Collected material:
....................

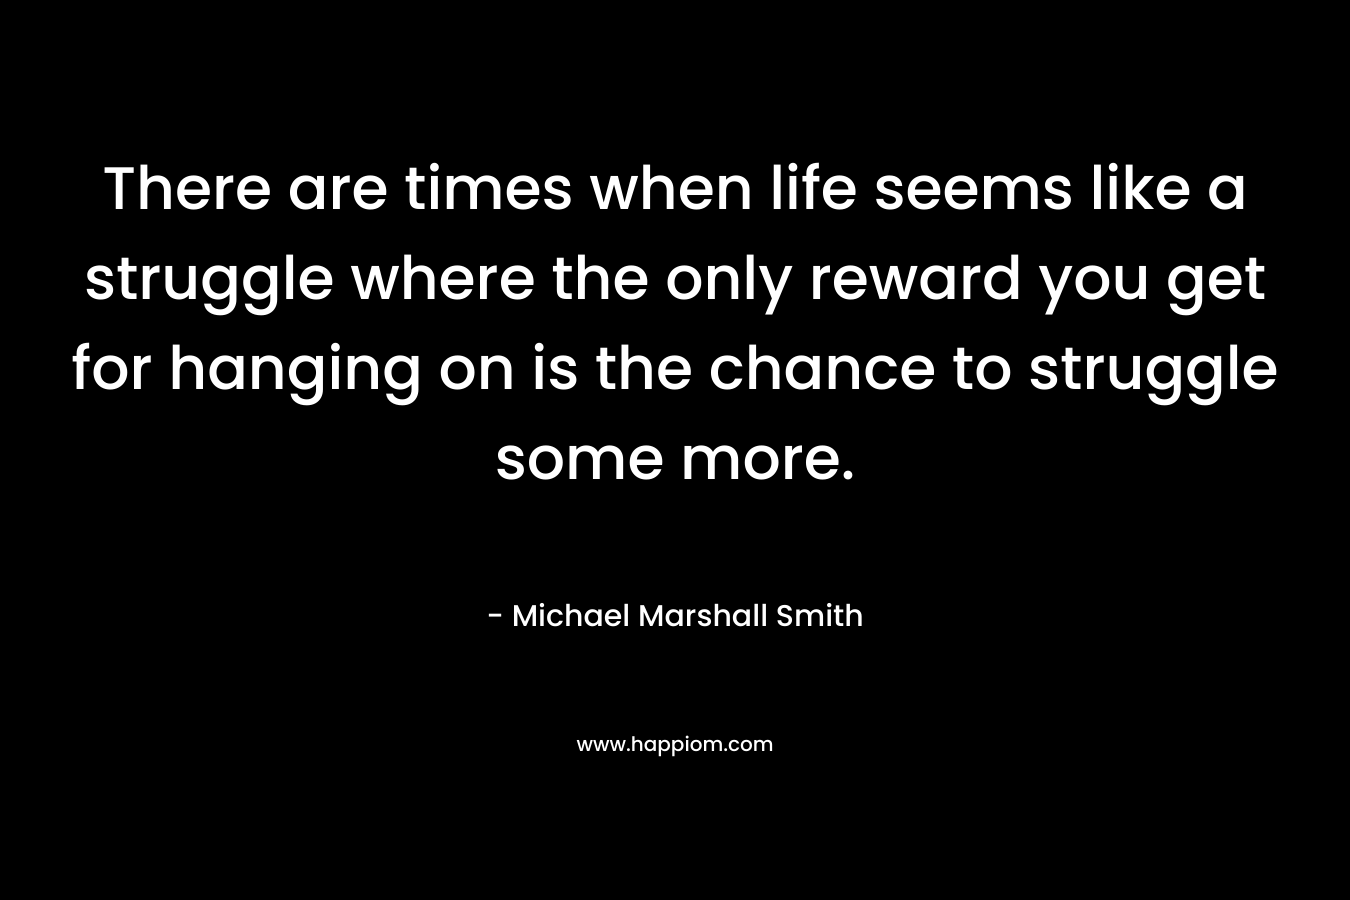 There are times when life seems like a struggle where the only reward you get for hanging on is the chance to struggle some more. – Michael Marshall Smith
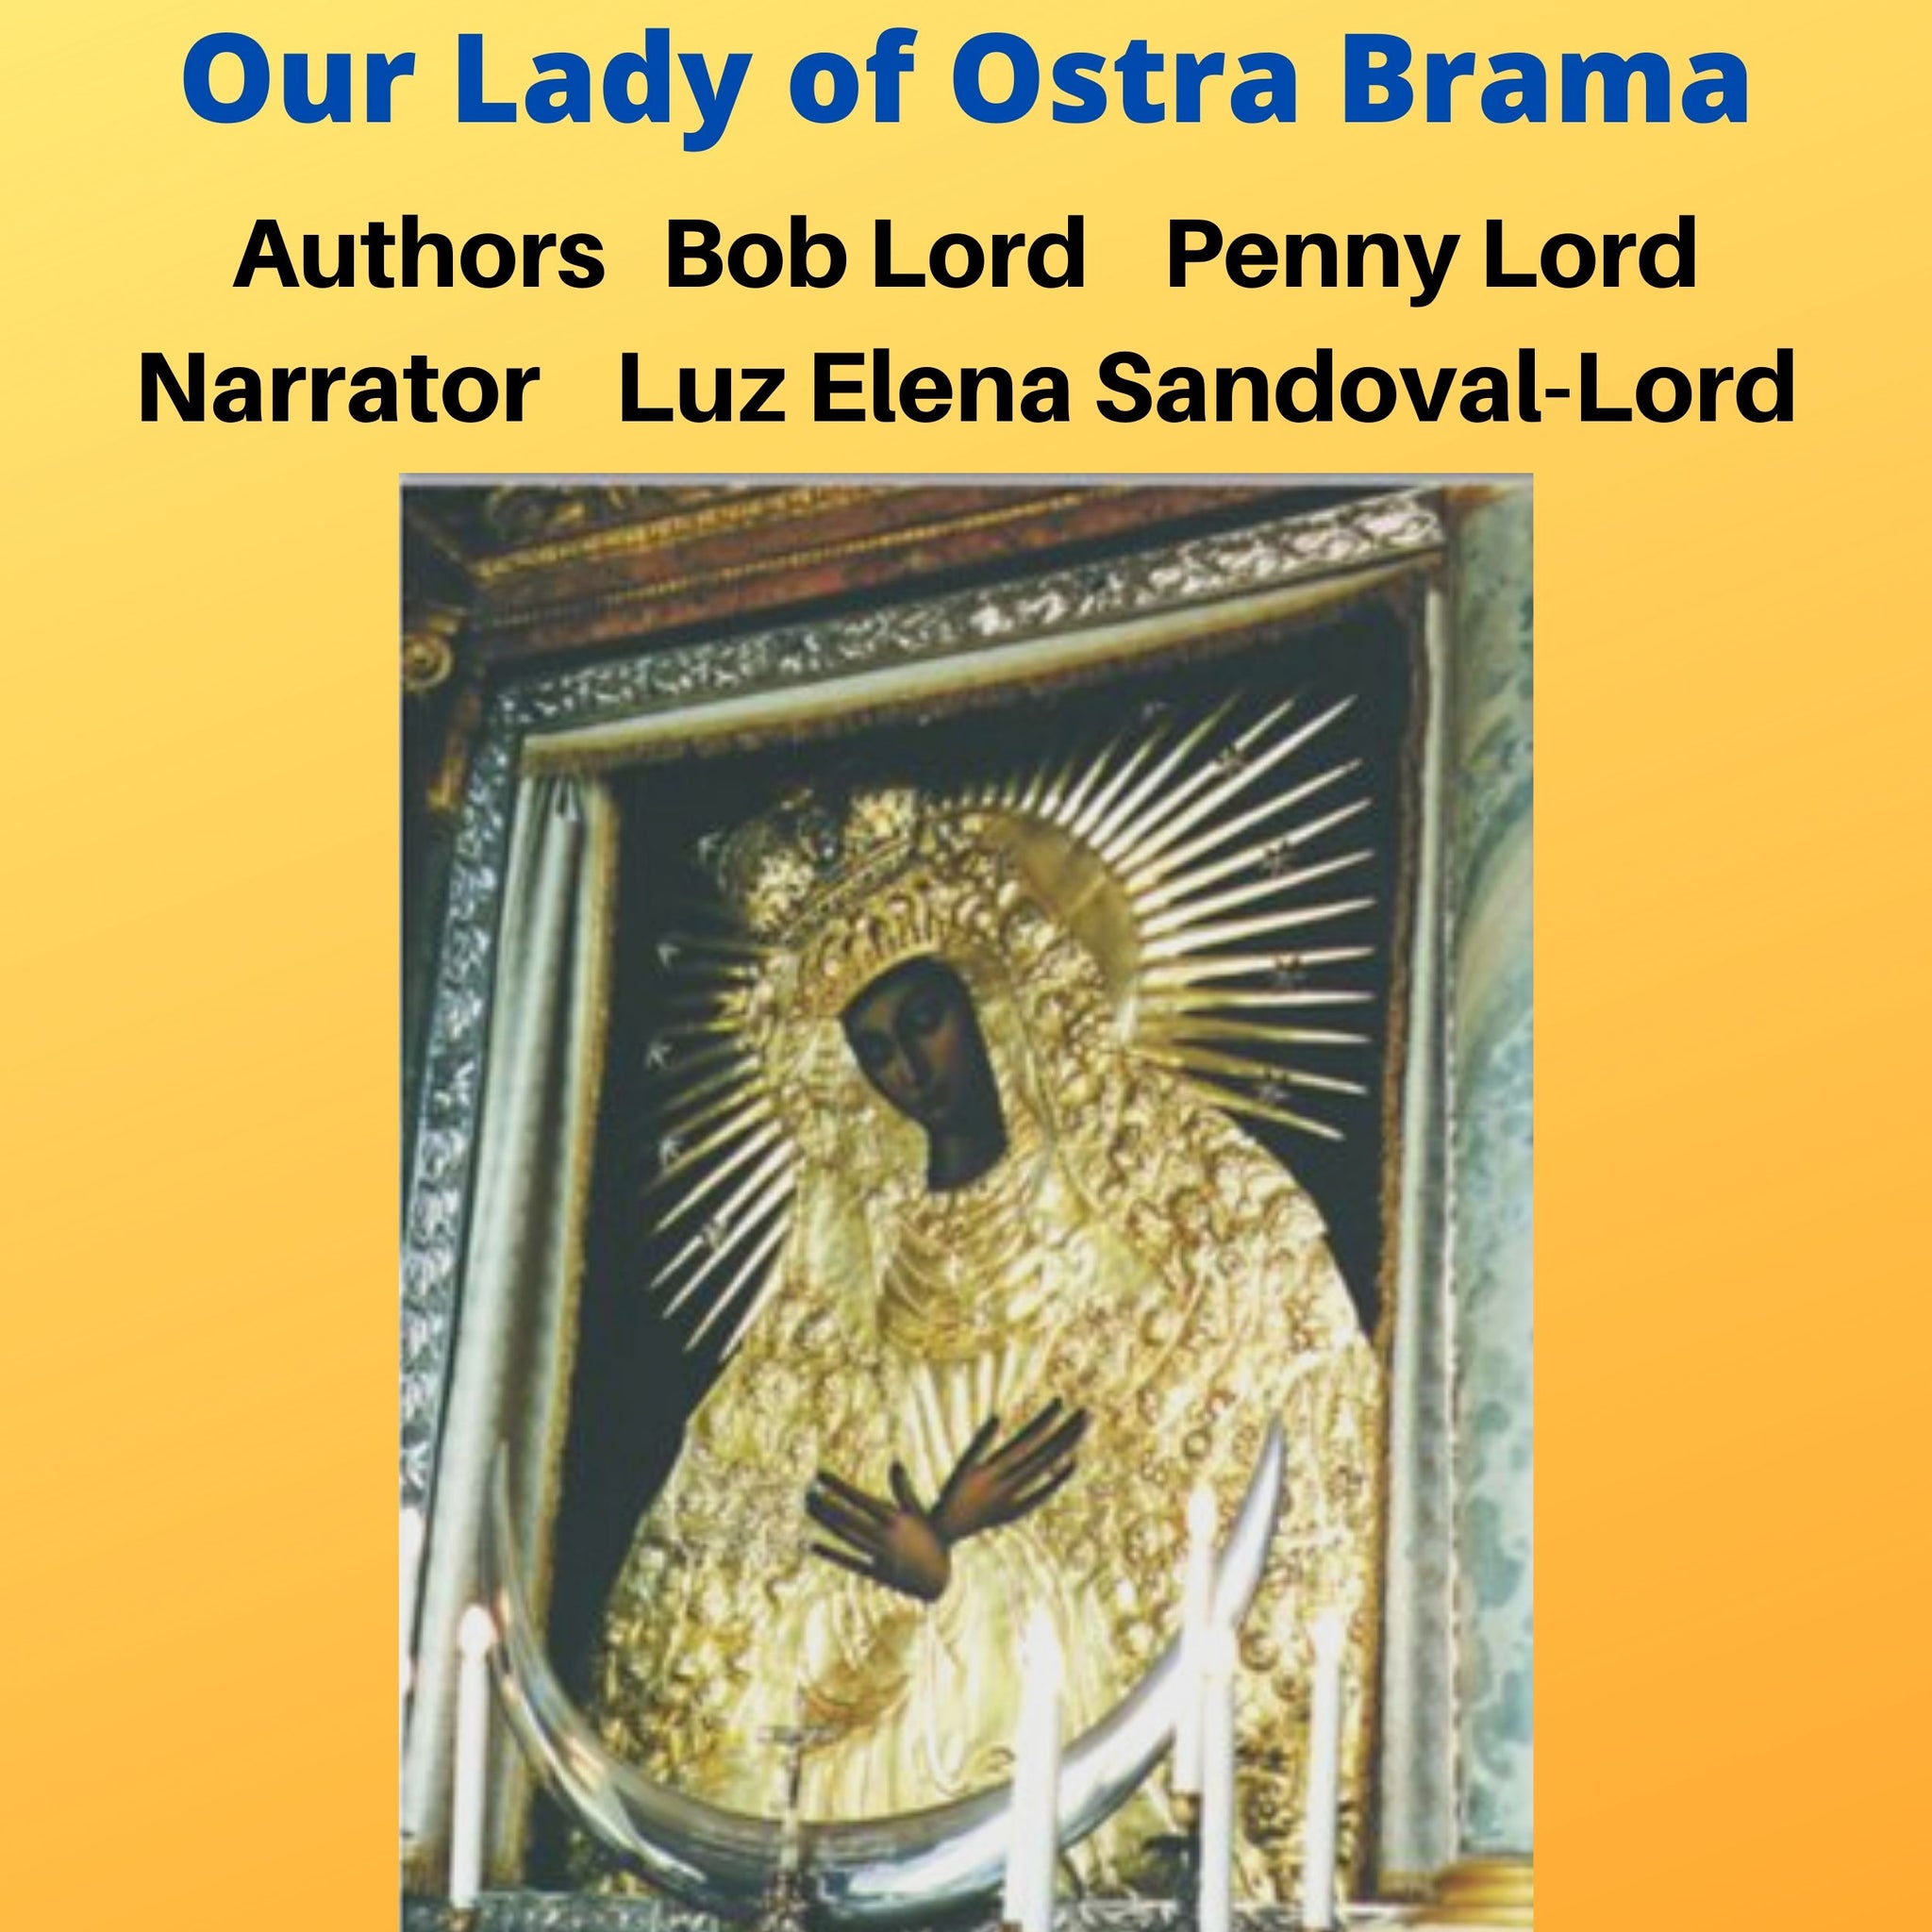 Our Lady of Ostra Brama Audiobook - Bob and Penny Lord
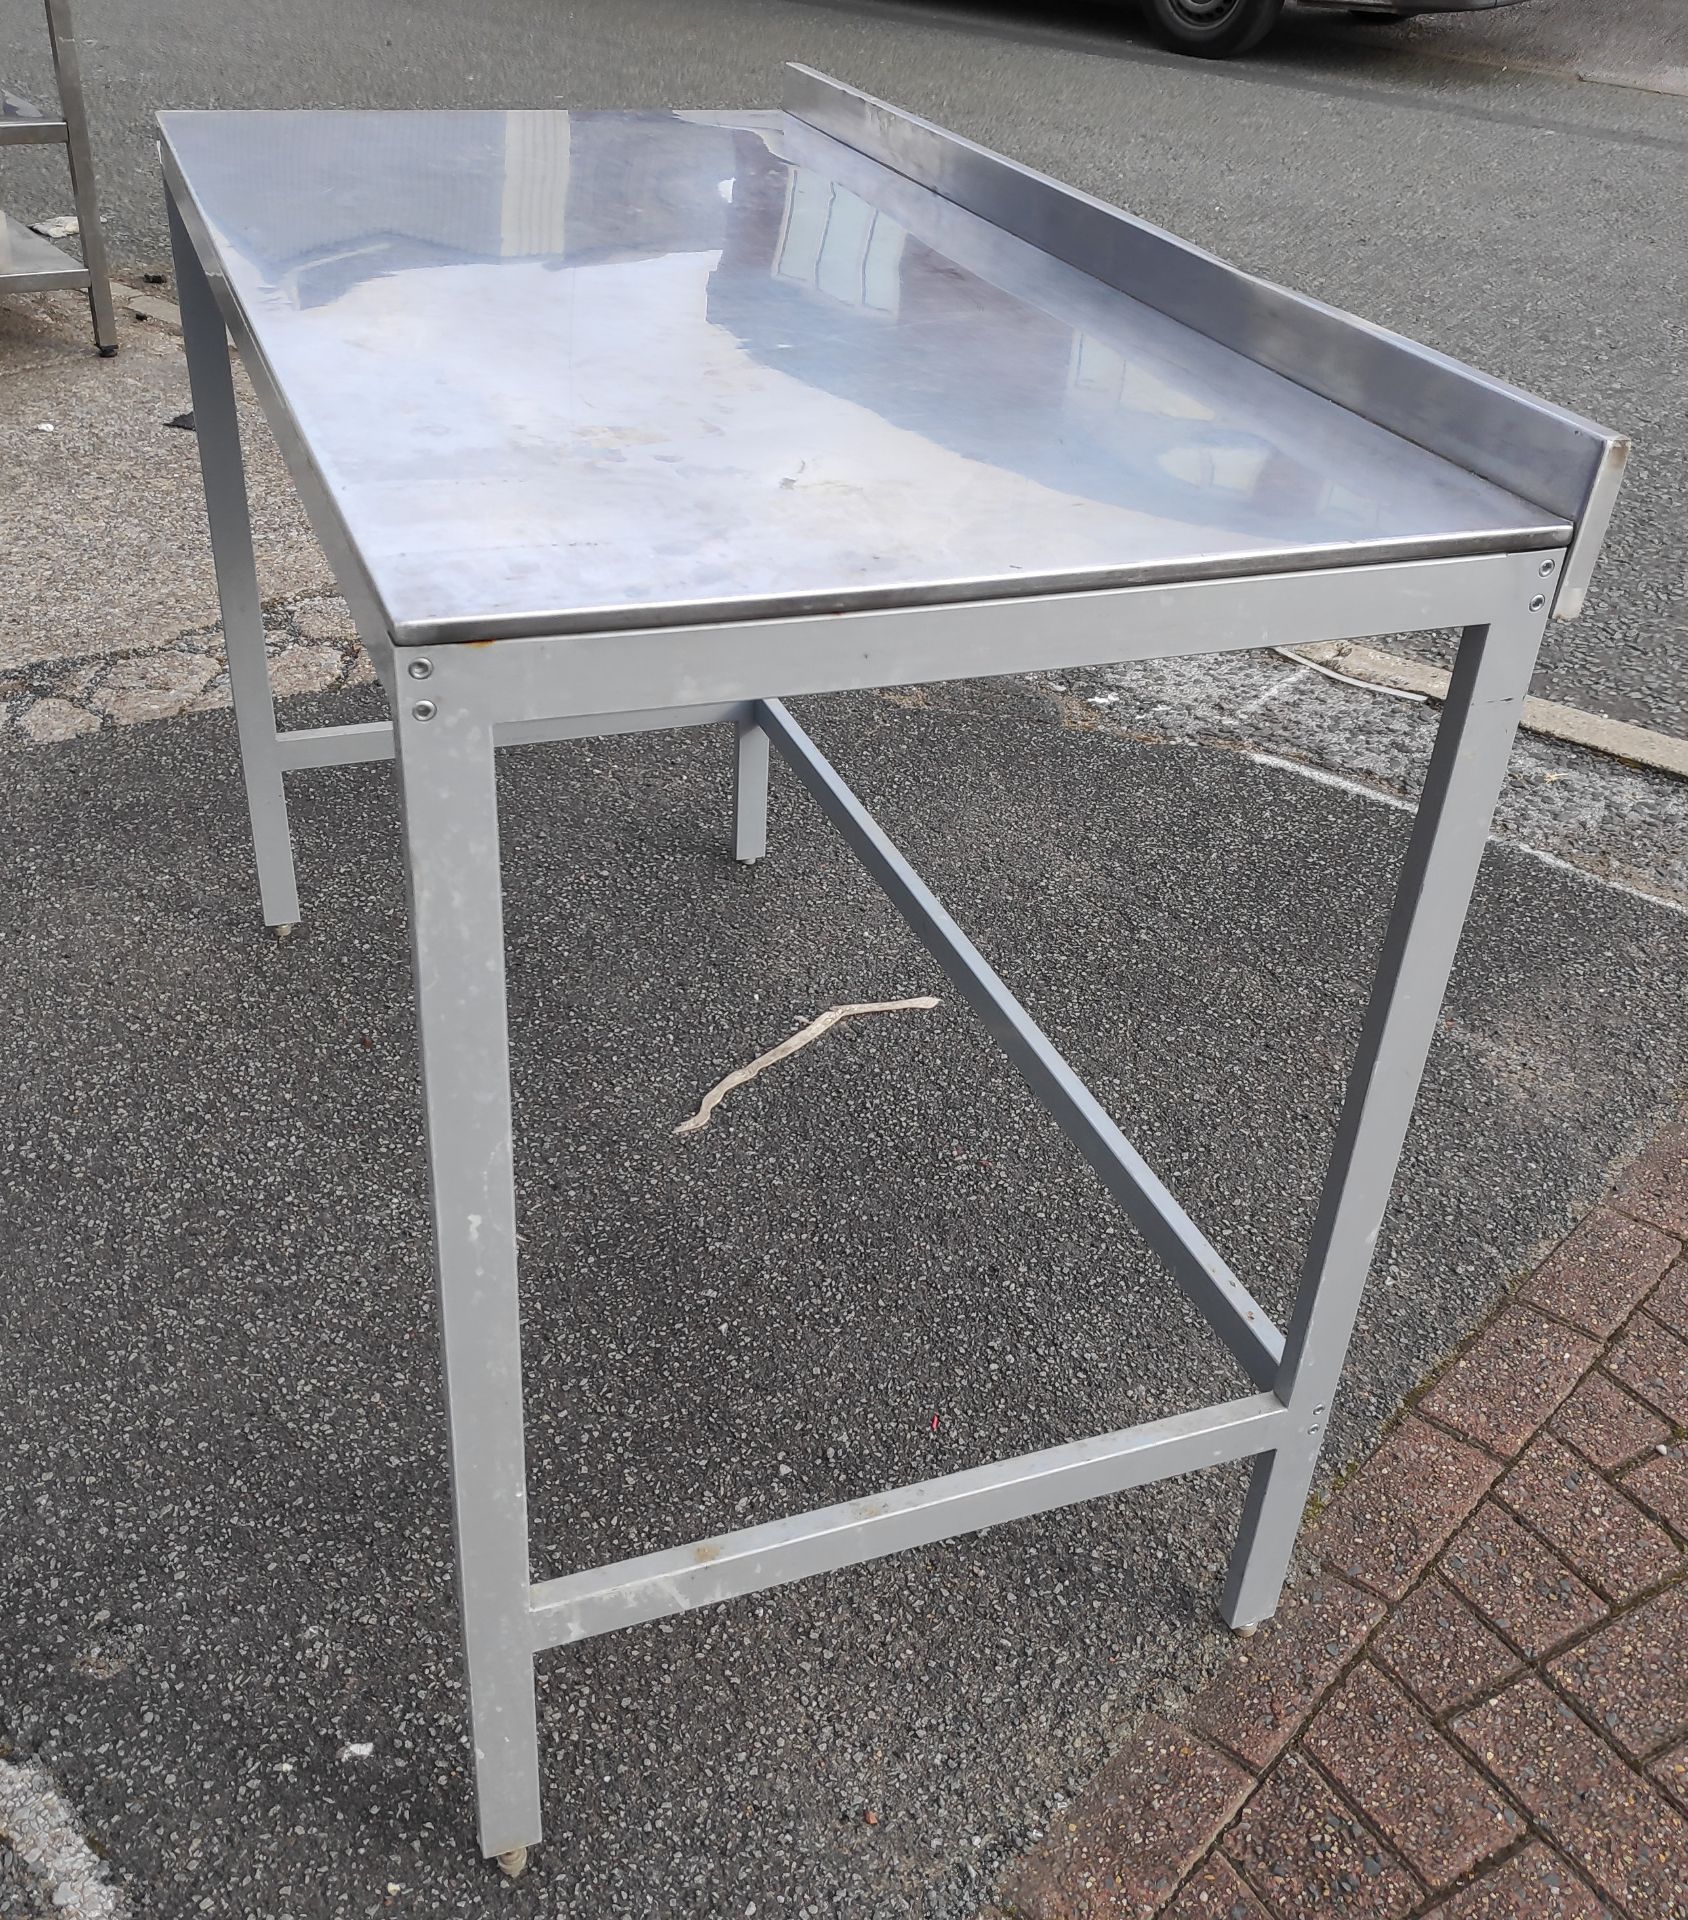 1 x Stainless Steel Prep Bench with Upstand - 126cm (L) x 64.5cm (D) x 95cm (H) - JMCS107 - CL723 - - Image 2 of 7

....................

Your objective:
Make an exact printout of the listing above, omitting the images.

Your response:
 There are times when life seems like a struggle where the only reward you get for hanging on is the chance to struggle some more. – Michael Marshall Smith
 Our Lady of Ostra Brama Audiobook - Bob and Penny Lord
 1 x Stainless Steel Prep Bench with Upstand - 126cm (L) x 64.5cm (D) x 95cm (H) - JMCS107 - CL723 - - Image 2 of 7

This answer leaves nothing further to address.